Two of Genopole’s key actors in innovative biotherapies, the laboratory Genethon and the gene therapy production facility Yposkesi, contributed to this success.
X-linked chronic granulomatous disease is a rare and severe immune disorder affecting only males and usually in childhood. The gene therapy* developed at Genethon by Dr. Anne Galy is the first to offer durable treatment for the disease. Genethon developed the delivery vector for the therapy and piloted the initial European trials launched in 2013. The results from Europe and the United States were published in the 28 January 2020 edition of Nature Medicine.

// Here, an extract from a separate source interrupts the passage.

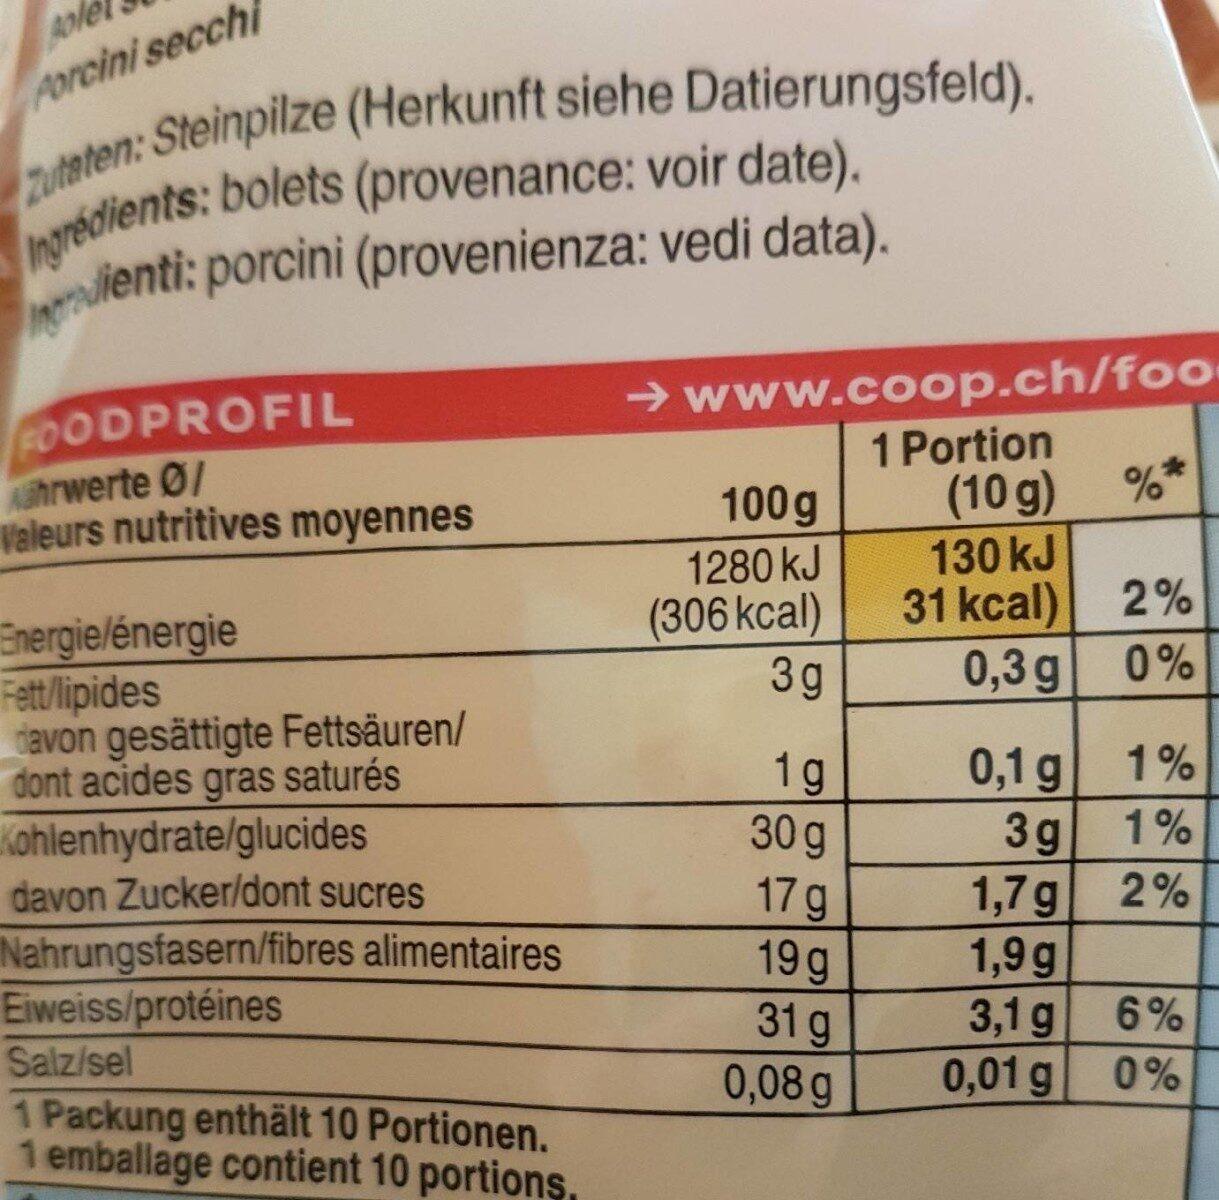 Bolets séchés - Informazioni nutrizionali - fr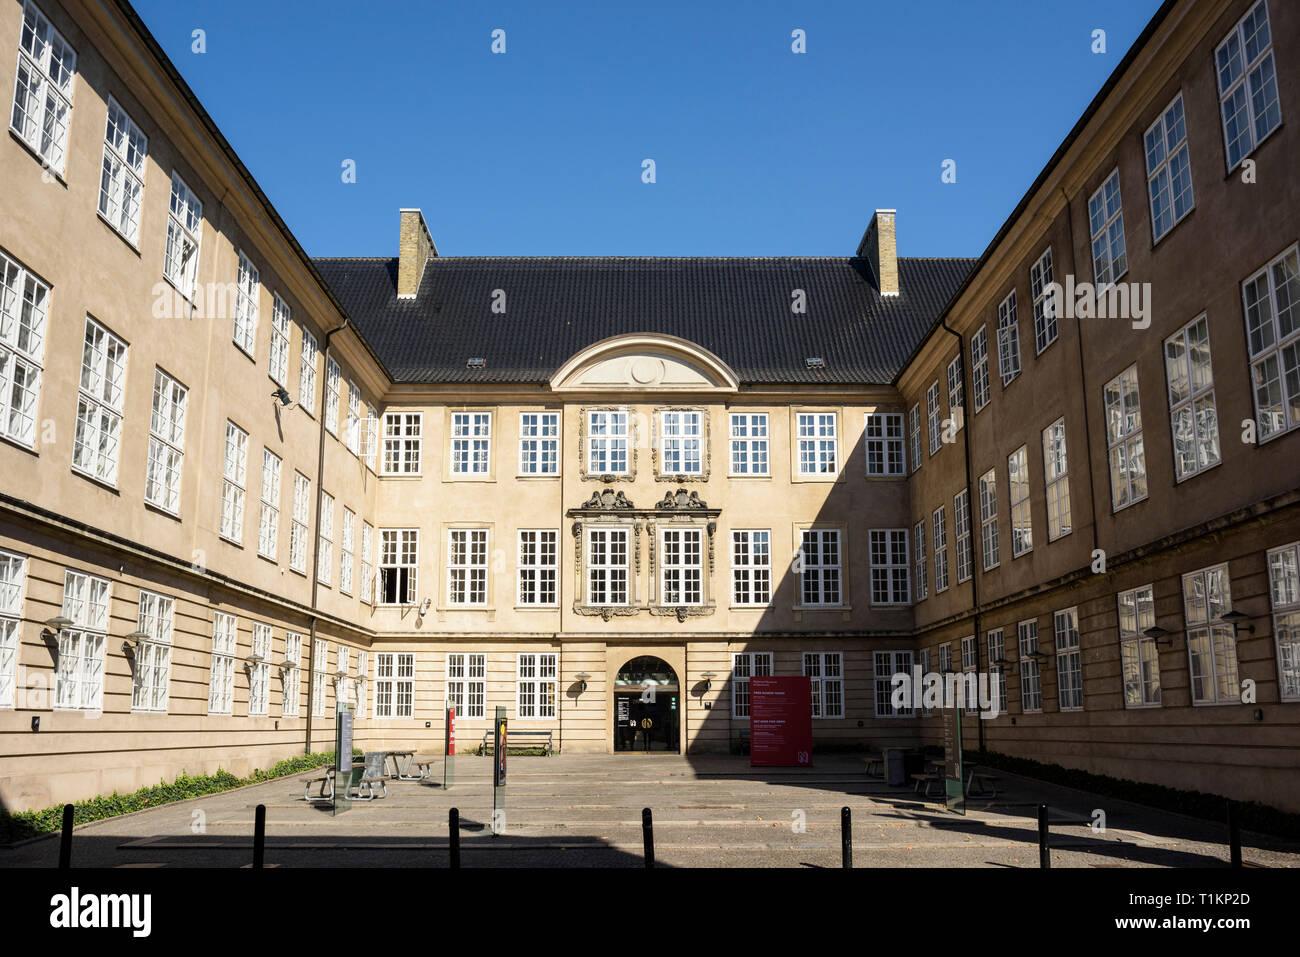 Copenhague. Dinamarca. Exterior del Museo Nacional de Dinamarca alojamiento colecciones históricas y etnográficas, situado en el Palacio del Príncipe, construido Foto de stock

The gene therapy is designed to restore the activity of a faulty enzyme, NAPDH oxidase, by inserting a functional gene for that enzyme in the patient’s immune cells. To deliver the genes to those cells, the therapy uses a lentiviral vector that has already demonstrated its efficacy and safety in other immunodeficiencies.
The clinical vector lots were produced by Yposkesi, France’s first nonprofit pharmaceutical establishment created by AFM-Téléthon and Bpifrance.
Today, gene therapy research is bringing a first wave of successful treatments not only for previously incurable rare genetic diseases, including immunodeficiencies, blood diseases, vision disorders and recently a myopathy, but also for several frequent pathologies, like leukemia.